View Full Version : R.I.P. Richard Matheson
Calidore
06-24-2013, 08:25 PM
I don't hear his name much now, but Matheson was a prolific SF/fantasy/horror author with a number of classic credits to his name, including the novels I Am Legend and The Incredible Shrinking Man, plus numerous Twilight Zone episodes and dozens of short stories. As with many prolific authors, not all of his work is great, or even good, but his hit-to-miss is up there with Fredric Brown and Ray Bradbury.
coeus
06-24-2013, 11:34 PM
I'm sad to hear it. I Am Legend is one of my favorite novels of all time. Hollywood should be ashamed of what they did to the story in the multiple attempts at filming it. A few years ago I was given the complete Twilight Zone series, and every time I saw "Written by Richard Matheson" on the screen, I couldn't wait to see what would happen. Matheson at his best was as good as anyone out there.
Rest in Peace.
AuntShecky
06-24-2013, 11:55 PM
The story for the relatively recent movie,The Box was based on Matheson's short story "Who's Got the Button," in which a couple has the chance to come into a vast fortune, but if they accept it, some stranger must die. In a subtle and interesting way, the Kafkaesque story presents an existential moral dilemma, the consequences of making moral choices. That was originally a Twilight Zone episode. Rod Serling's creation was unique in the era when it first aired-- there was nothing else like it on TV. Looking back on the series now, it was awfully moralistic and pedantic, but otherwise intelligently written and thought-provoking.
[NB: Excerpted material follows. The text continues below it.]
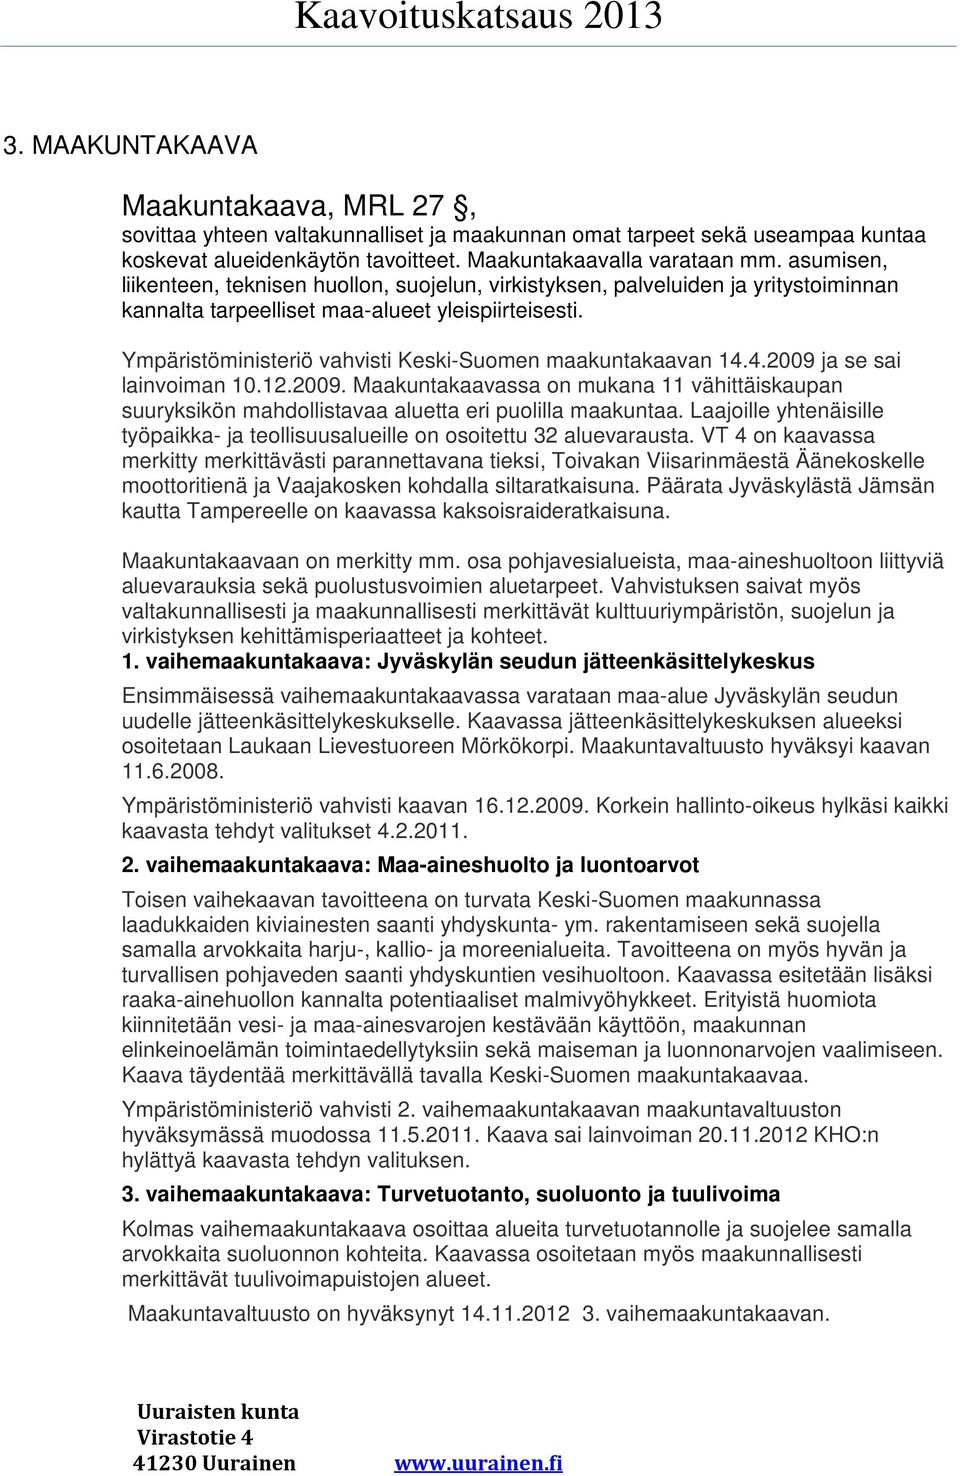 Ympäristöministeriö vahvisti Keski-Suomen maakuntakaavan 14.4.2009 ja se sai lainvoiman 10.12.2009. Maakuntakaavassa on mukana 11 vähittäiskaupan suuryksikön mahdollistavaa aluetta eri puolilla maakuntaa.

Another SF writer similar to Matheson was Philip K. Dick. One of his stories, A Scanner Darkly, is a very bizarre but extremely interesting animated (!) movie. Of course, everybody raises a torch to filmdom's Blade Runner, based on Phillip K. Dick's original work, Do Androids Dream of Electric Sleep? The story for Schwartzenegger's blockbuster, Total Recall was derived from We Can Remember It for You Wholesale. Terrific titles, huh? I was quite taken with both the premise and the execution of one of Dick's stories in The Adjustment Bureau.
Matheson, Dick, Bradbury-- they were America's Big Three, the best science fiction authors of their generation. Now they, along with Serling, are all gone-maybe to the great galaxy in the sky, if not the Twilight Zone itself.
Lokasenna
06-25-2013, 03:18 AM
I found I Am Legend to be a very powerful novel. I'm sorry to hear that he is dead, though I must admit to being slightly surprised that he wasn't dead already. As you say, he hadn't done much for a while.